Hal tersebut sebagaimana di beritakan oleh sejumlah media pada beberapa hari lalu, bahwa konsultan (pengurus) yang terbentuk di desa Anggai, desa Manatahan dan desa Kusubibi untuk melakukan proses perizinan WPR dan IPR di masing-masing desa tersebut diduga ada unsur penipuan (pidana).

Penulursuran media ini, para donatur (pengusaha) yang memberikan sumbangan untuk dana pengurusan merasa kecewa, karna sudah berbulan-bulan telah menanti izin, namun sampai saat ini belum ada kejelasan dari para pengurus izin tersebut.

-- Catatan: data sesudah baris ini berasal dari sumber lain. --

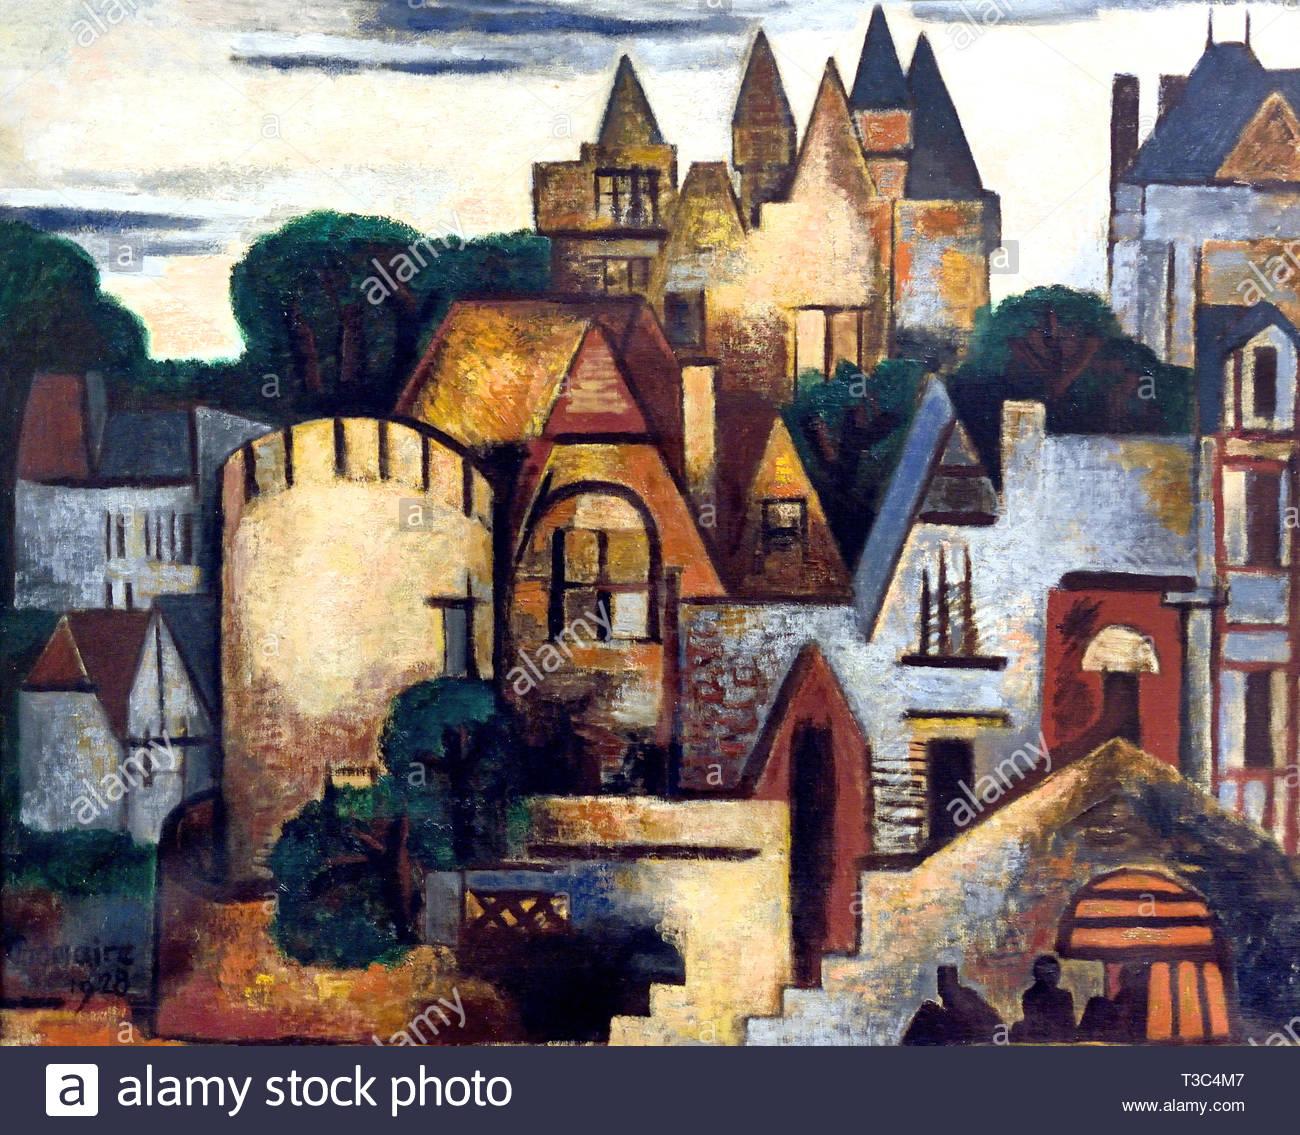 Paris Villas Romanesques 1928 Marcel Gromaire 1882 France French - Stock Image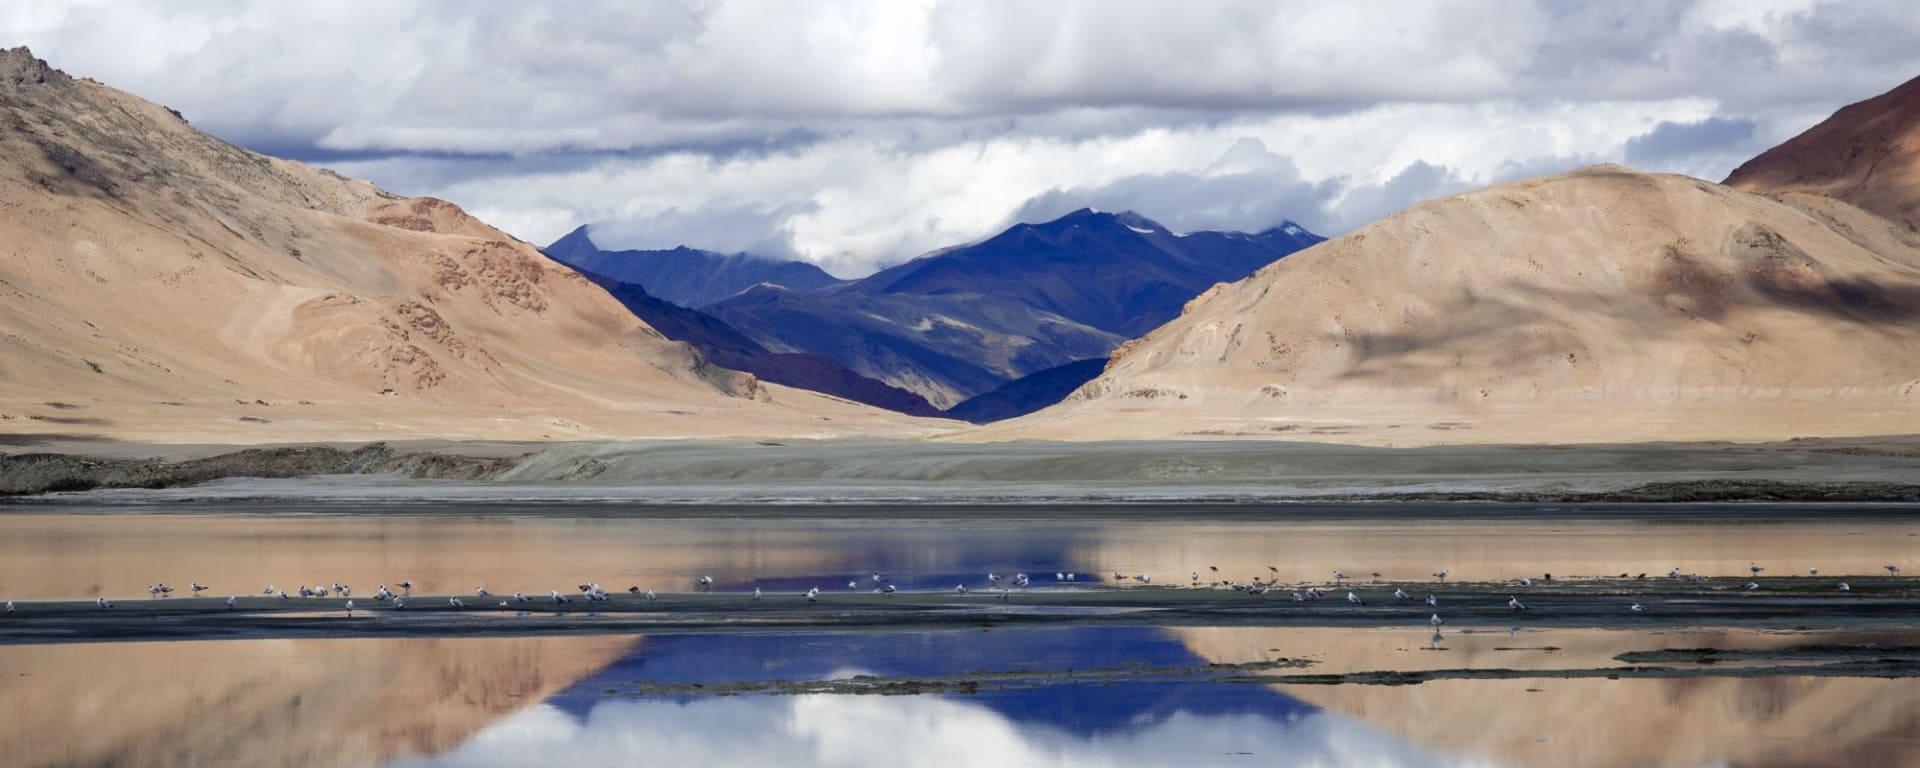 Les montagnes spectaculaires de Ladakh de Leh: Ladakh: Tso Kar Lake

Dana pengurusan izin yang telah ditagih oleh panitia, baik di desa Anggai, Manatahan dan desa Kusubibi dengan ratusan juta rupiah, seperti pengurus yang ada di desa Kusubibi mencapai 350 juta rupiah.

Terkait persoalan ini, Lembaga Swadaya Masyarakat (LSM) Kemilau Cahaya Bangsa Indonesia (KCBI) cabang Halsel, dalam waktu dekat akan turun Isvestigasi secara menyeluruh di desa Anggai, desa Manatahan dan desa Kusubibi, untuk memastikan persoalan yang terjadi.

Kami pengurus LSM KCBI akan turun lapangan sesuai dengan laporan dari masyarakat ke tiga desa tersebut dan jika benar-benar adan unsur pidananya, maka kami bersama-sama dengan masyarakat pengusaha dan penambang akan melaporkan kepada Aparat Penegak Hukum (APH), kata ketua LSM KCBI cabang Halsel Ruslan Waisamola, Senin (21/07/2025).

Lanjut Ruslan, kami telah menerima laporan dari pengusaha dan penambang dari tiga desa tersebut, untuk itu dalam waktu dekat ini kami akan turun investigasi langsung di lapangan, jelasnya.